The design — white and gray stripes with pink triangles — is not the first of Urban Outfitters’ to invoke imagery of the Holocaust. In 2012, a yellow shirt with the Star of David on the breast pocket was reminiscent of the yellow patches Jewish citizens were forced to wear in Nazi Germany.
This most recent offensive design joins a long list of controversial products which have been released and subsequently pulled from Urban Outfitters stores. Urban Outfitters has produced several questionable products in the past, including a vintage-style Kent State University sweatshirt with red, blood-like spots and racist knockoff Navajo-labelled products that violate trademarks held by the Navajo nation.
Other examples of bad taste include shot glasses shaped like pill bottles, shirts that encourage anorexia, and a “Ghettopoly” board game. There have also been accusations against Urban Outfitters for stealing designs from individual artists.
Given the organizations’ history of distasteful choices, it seems to purposefully create products that lead to headlines and publicity without actually selling. The vintage Kent State sweatshirt, for example, only sold a single unit. These stunts have created a successful business model — free advertising and notoriety have promoted the brand, not harmed it.
Customers are either unaware or do not care about the ethics of the business they support.
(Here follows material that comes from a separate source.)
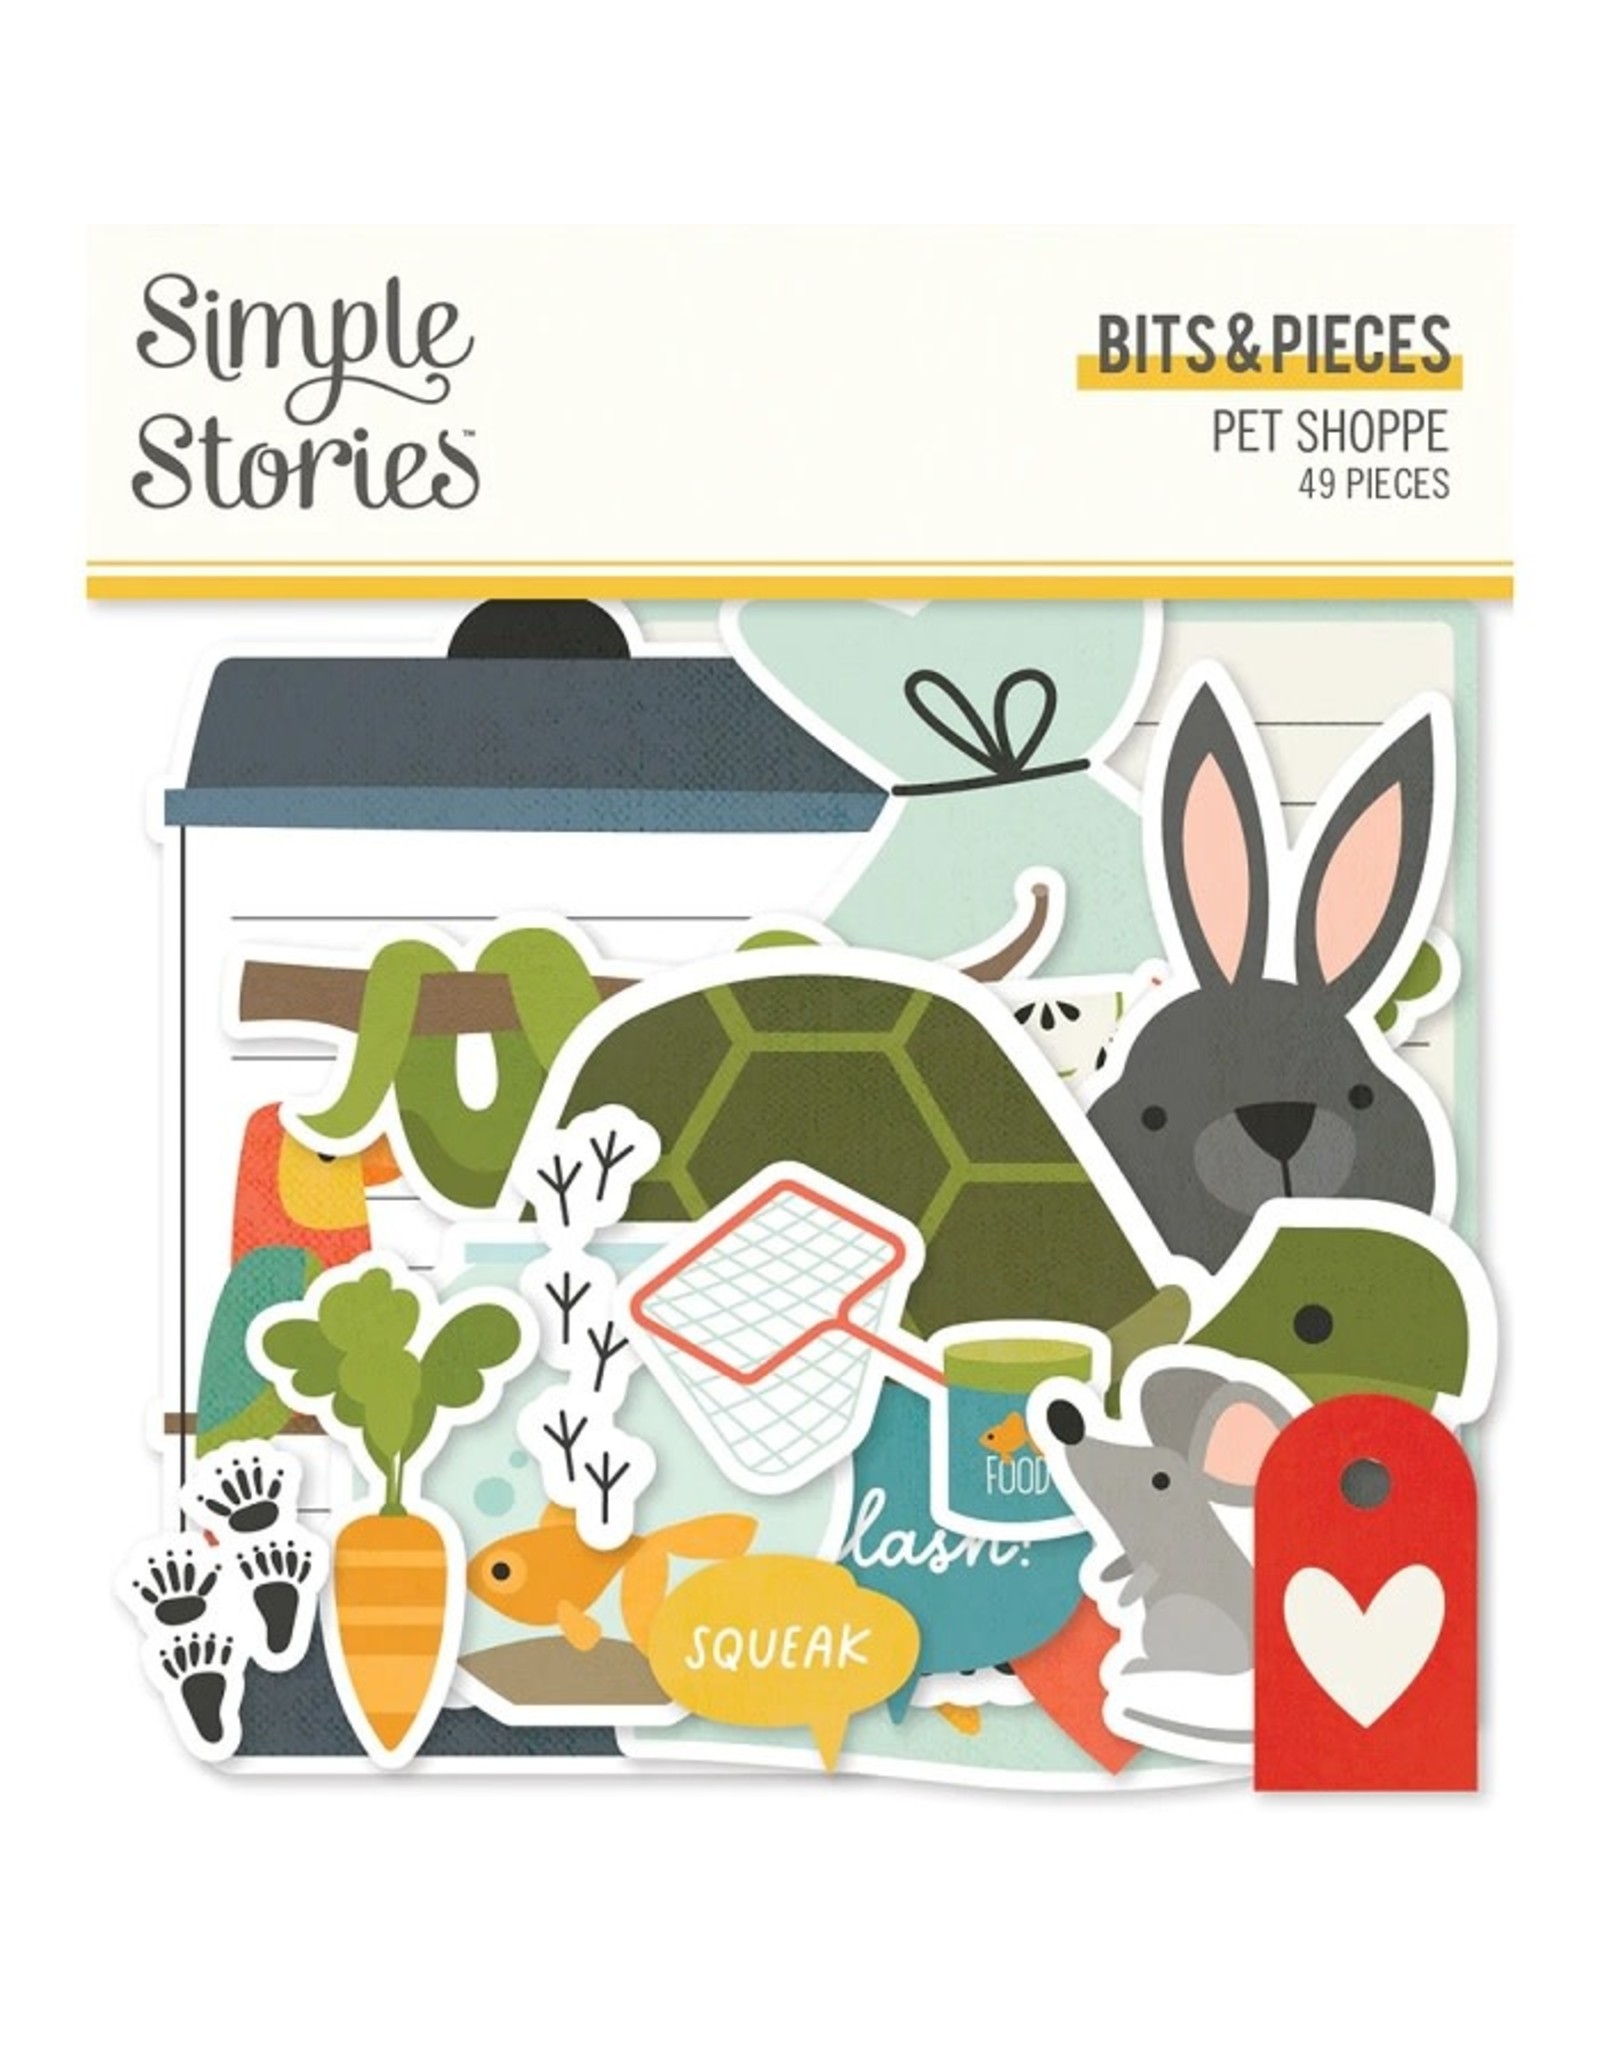 Simple Stories Pet Shoppe - Bits & Pieces

The teens who buy from Urban Outfitters are more concerned with cheaply-made, fashionable items than ethical ones.
Customers, however, need to show discretion. The Tartan does not support the business practices of Urban Outfitters, but the chain has no incentive to change their ways without a clear message from consumers. Some of this responsibility must fall to the individuals who shop there — or those who no longer will.